Only one stretch of the data below is needed: the line with "Ikea Lampe: leider" through the last line. Output it exactly and drop the pictures.

• [GIVEN MATERIAL]
==========
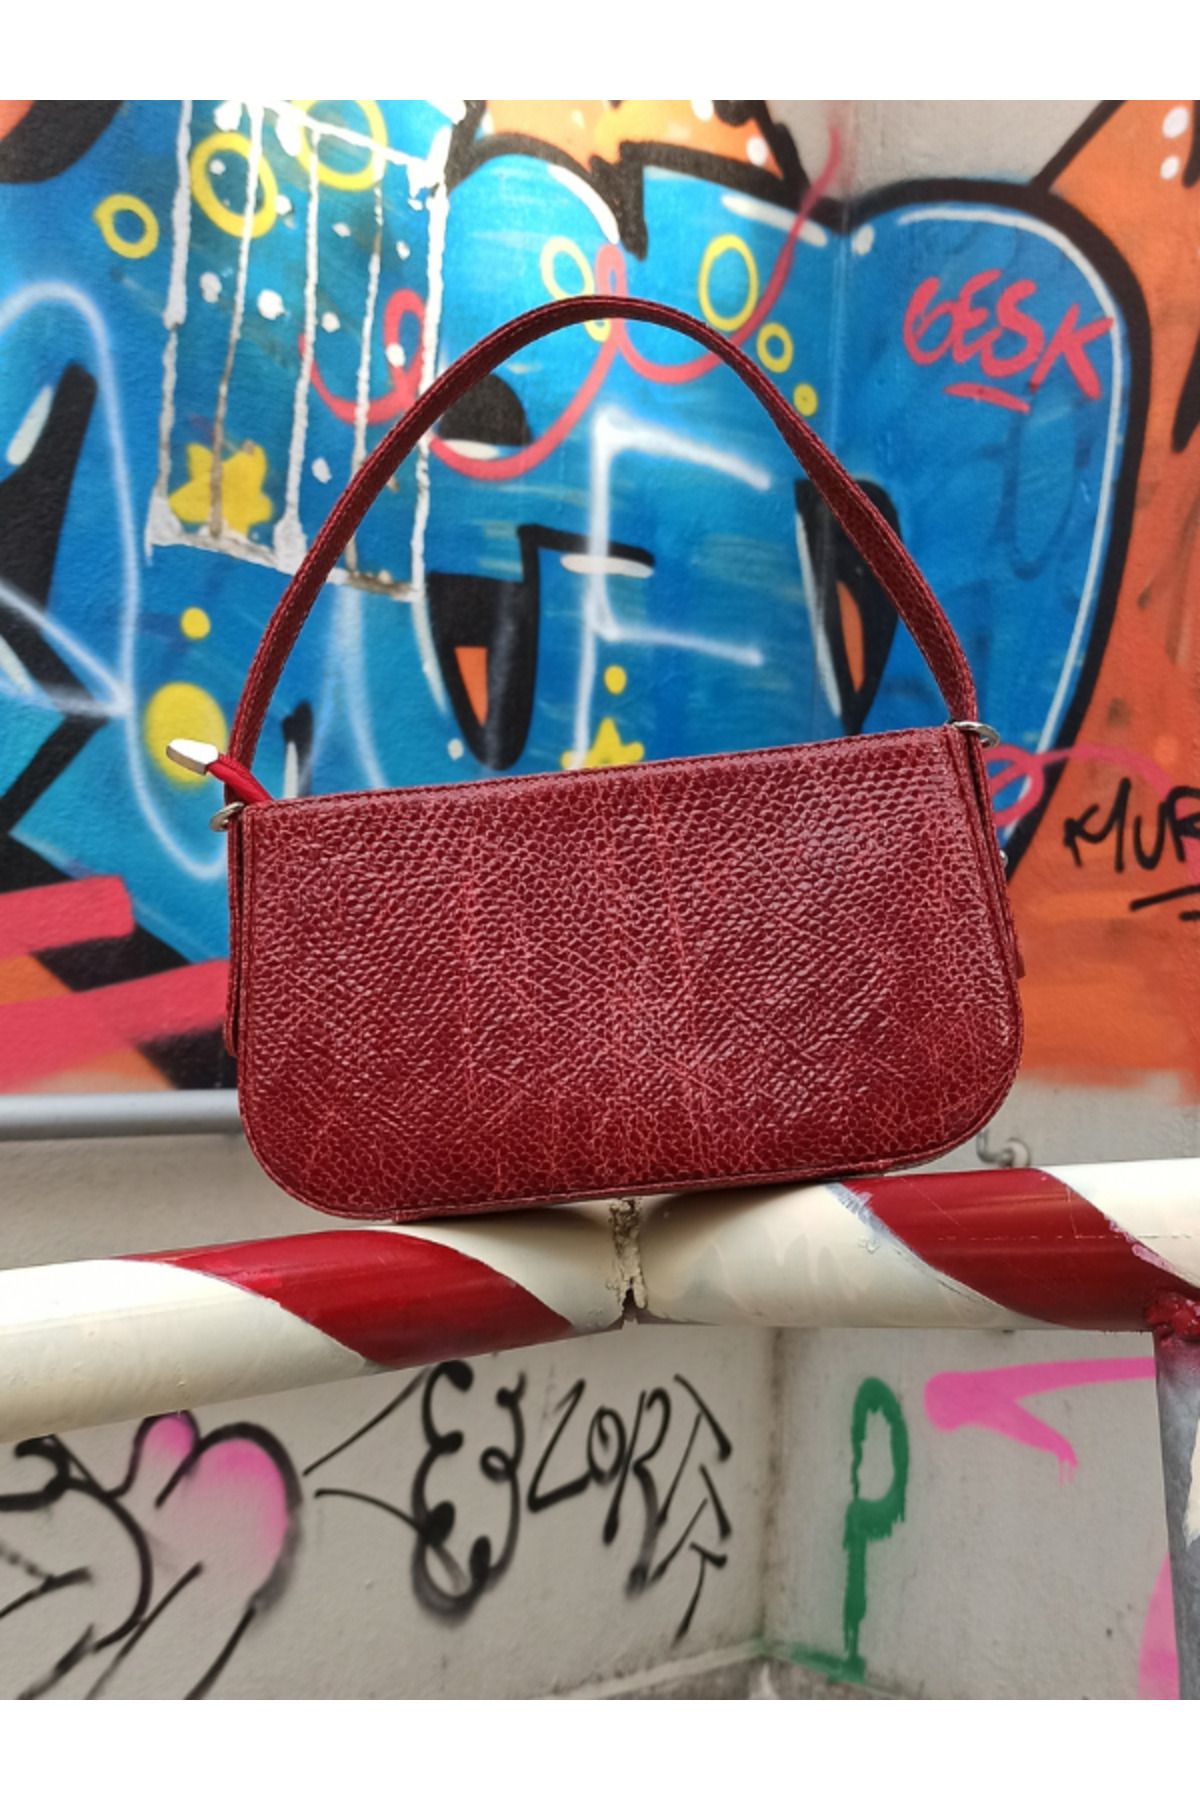 Pinkylola İkon model Bordo kırmızı  yılan baskılı hakıkı derı degrade  askı detaylı Omuz çantası
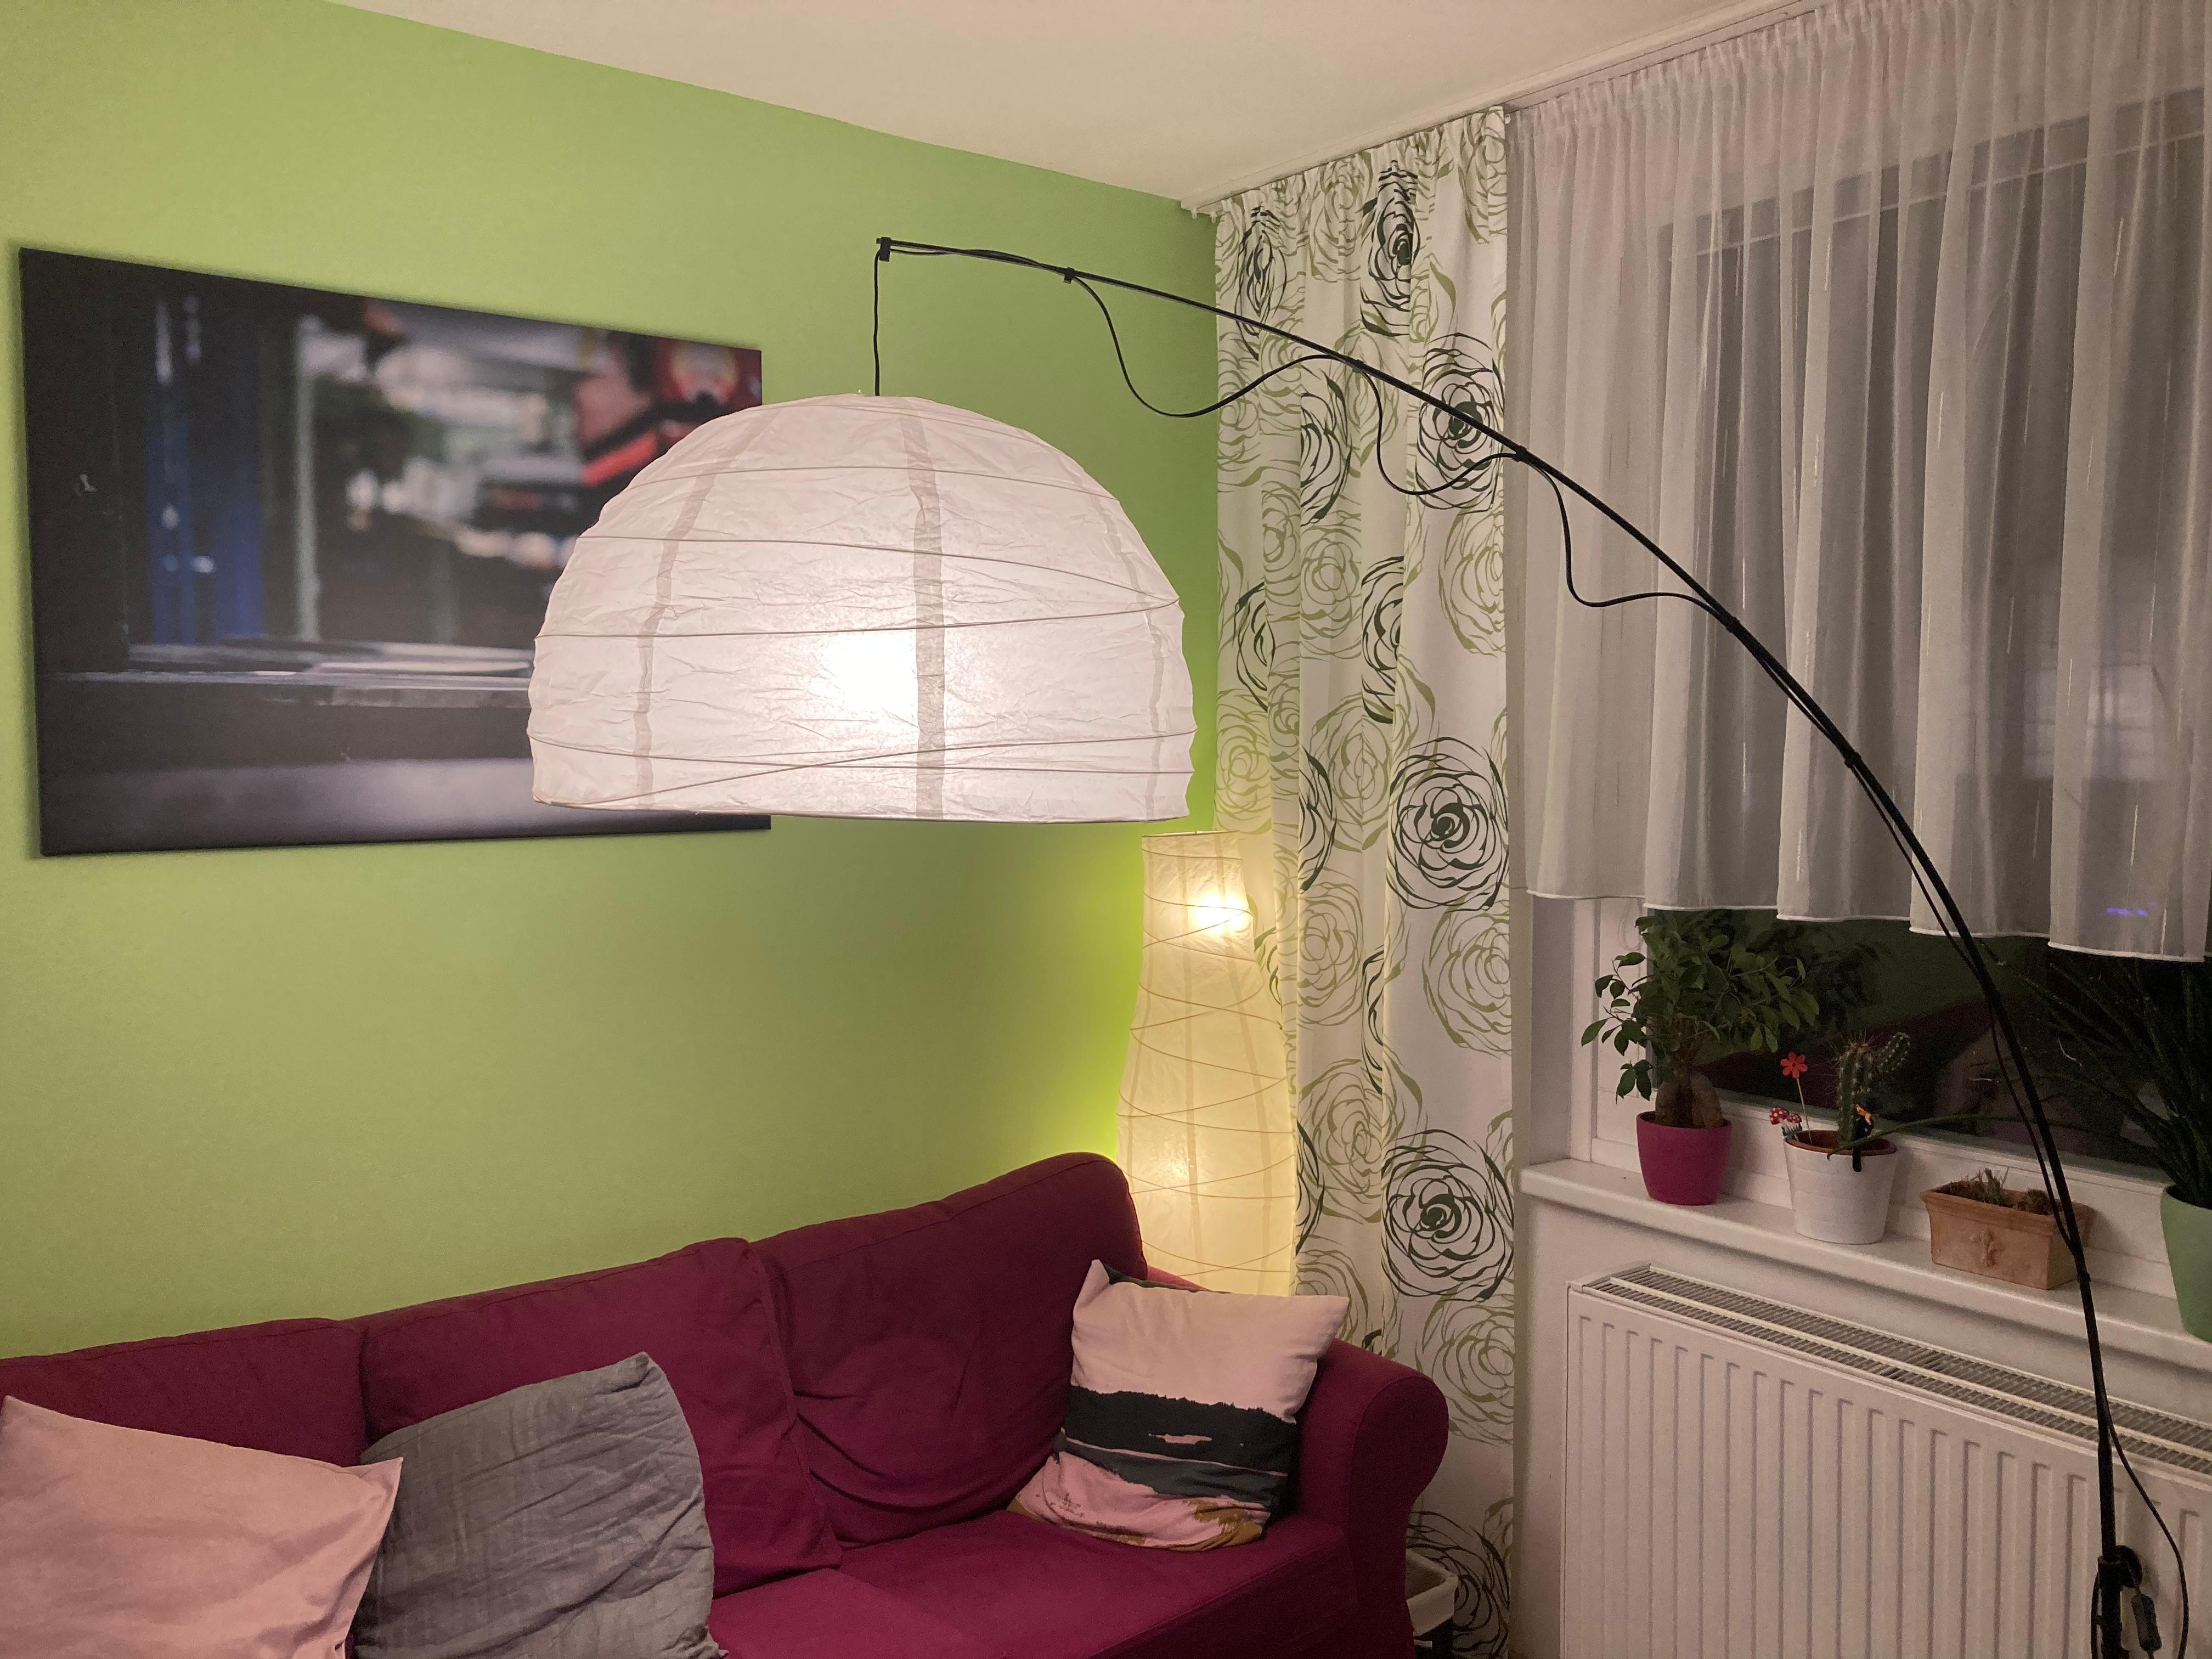 Ikea Lampe: leider ist der Schirm defekt. Suche einen neuen, der ebenso hell ist, Wand wird grau habt ihr Tipps?  Danke 
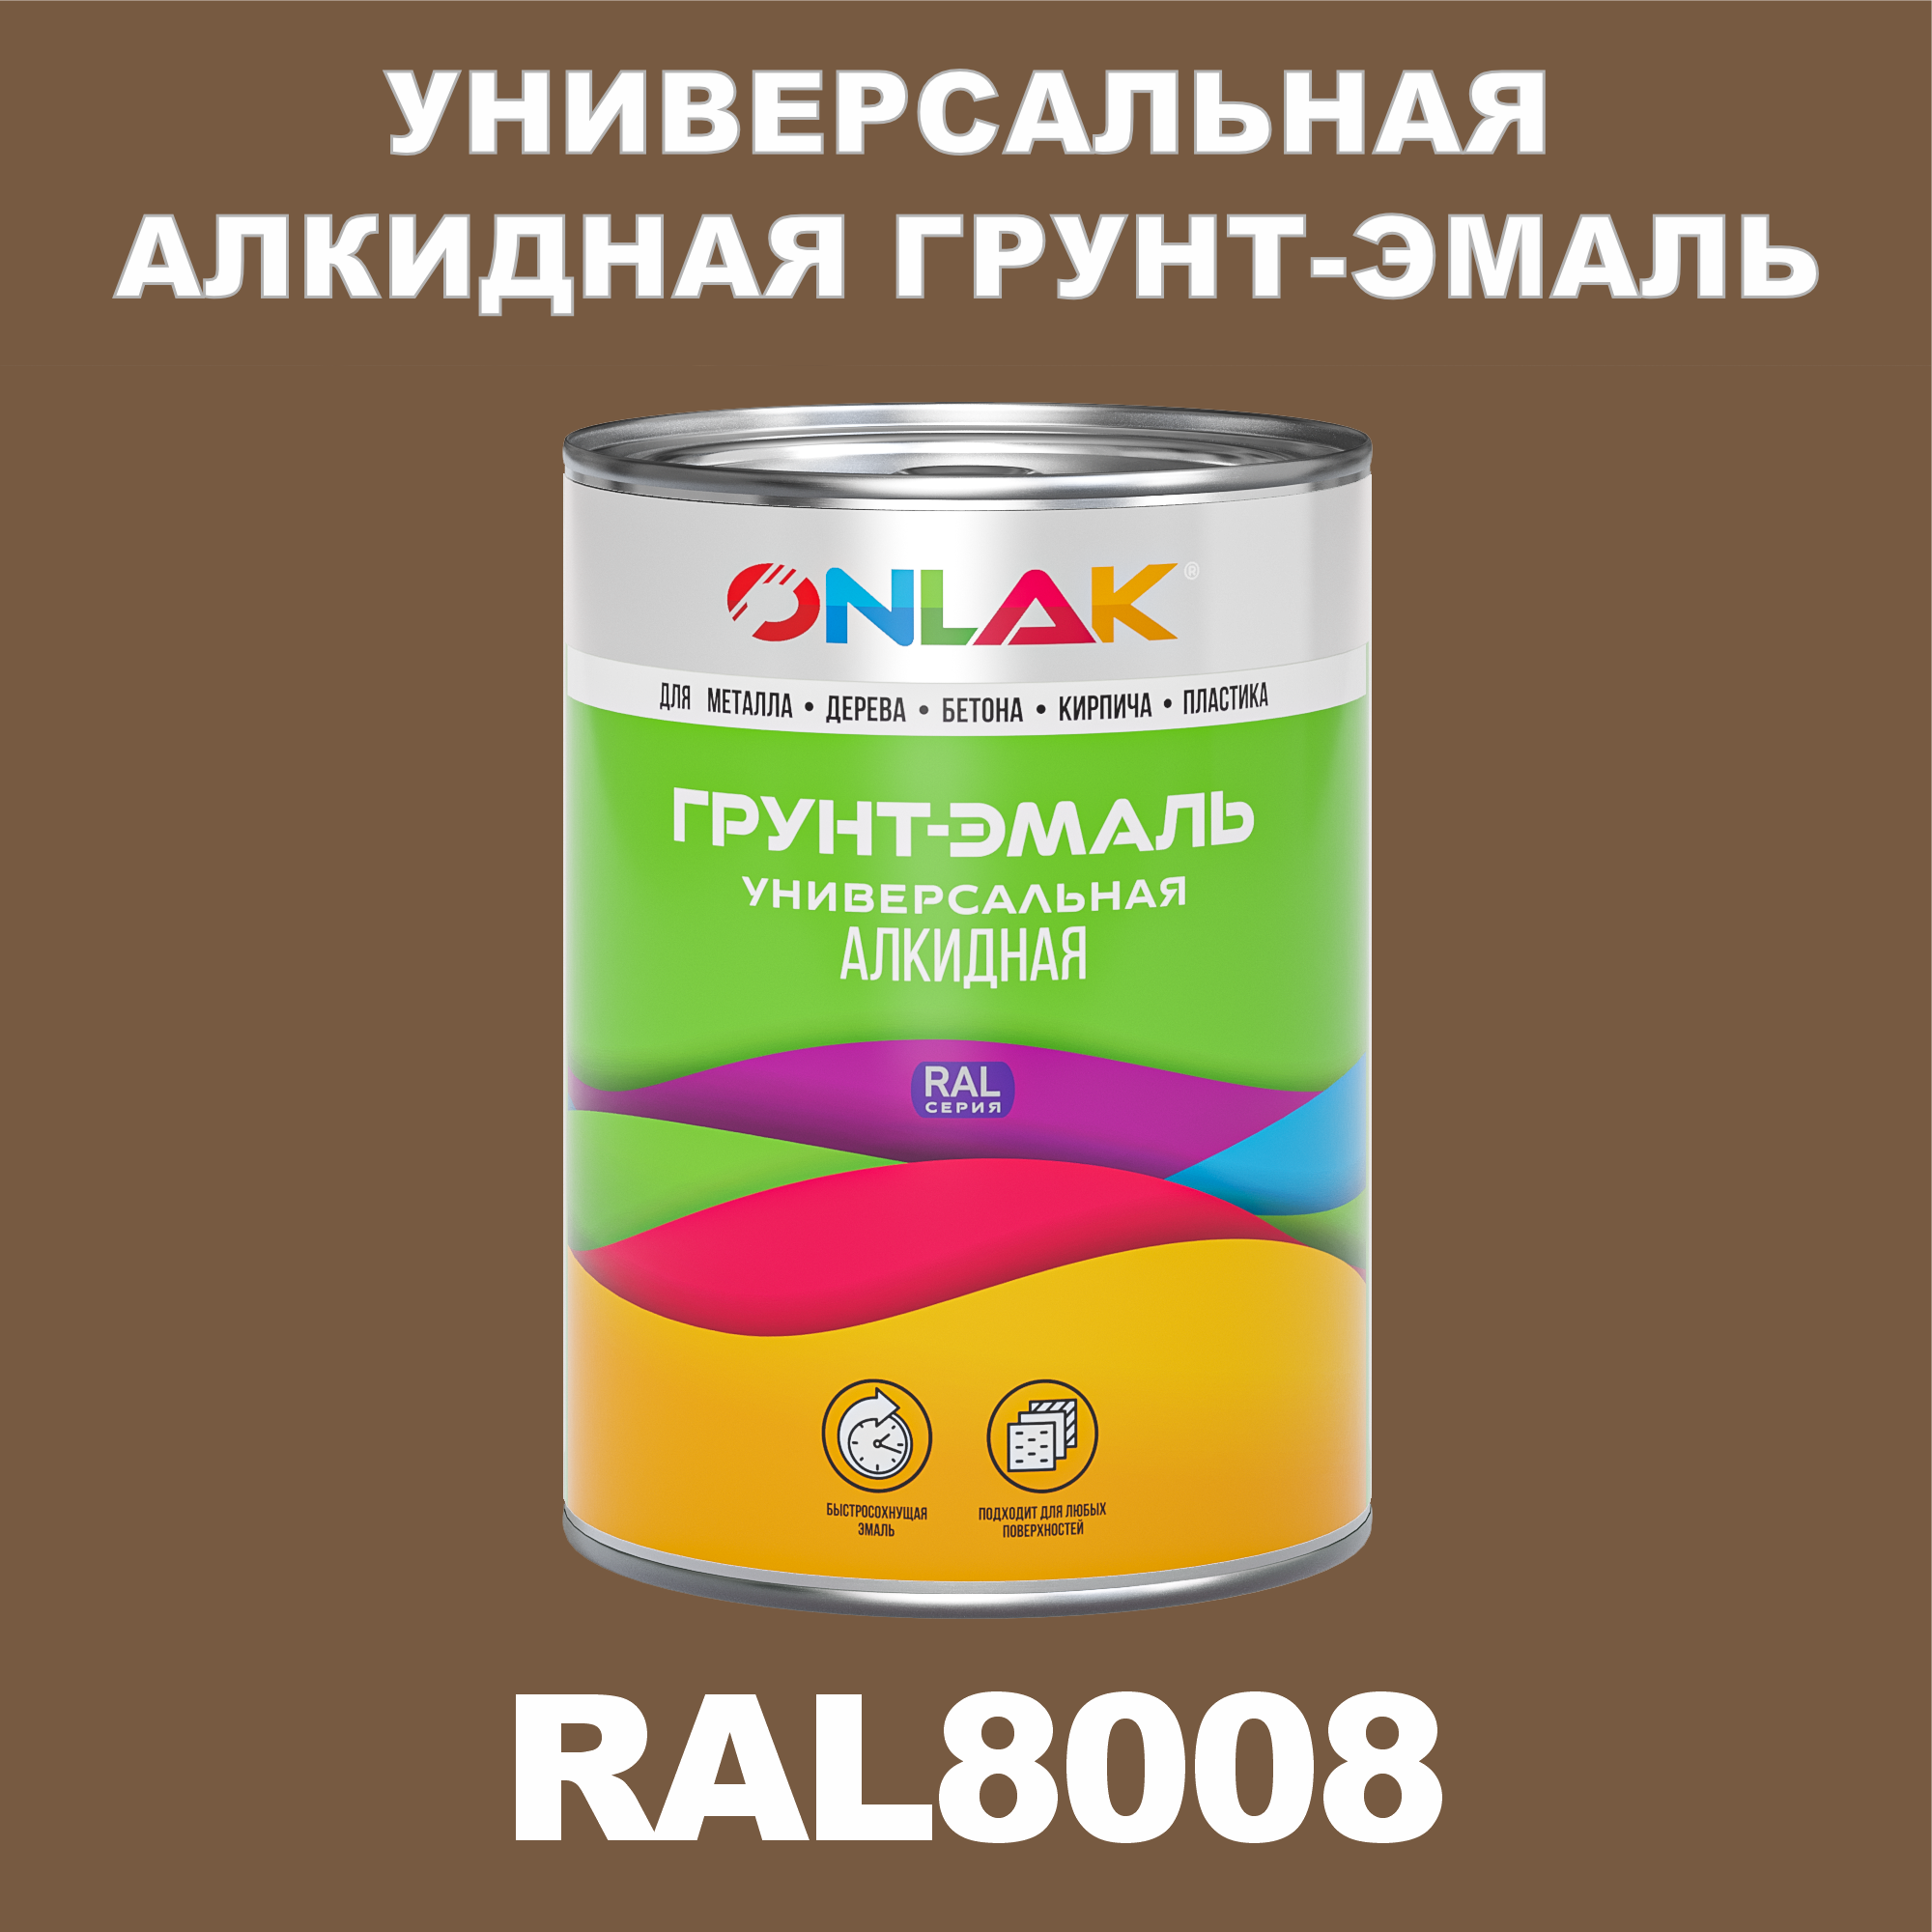 Грунт-эмаль ONLAK 1К RAL8008 антикоррозионная алкидная по металлу по ржавчине 1 кг грунт эмаль neomid по ржавчине быстросохнущая алкидная серая 0 9 кг
==========
• [ANSWER SPACE]
 Ikea Lampe: leider ist der Schirm defekt. Suche einen neuen, der ebenso hell ist, Wand wird grau habt ihr Tipps?  Danke 
 Грунт-эмаль ONLAK 1К RAL8008 антикоррозионная алкидная по металлу по ржавчине 1 кг грунт эмаль neomid по ржавчине быстросохнущая алкидная серая 0 9 кг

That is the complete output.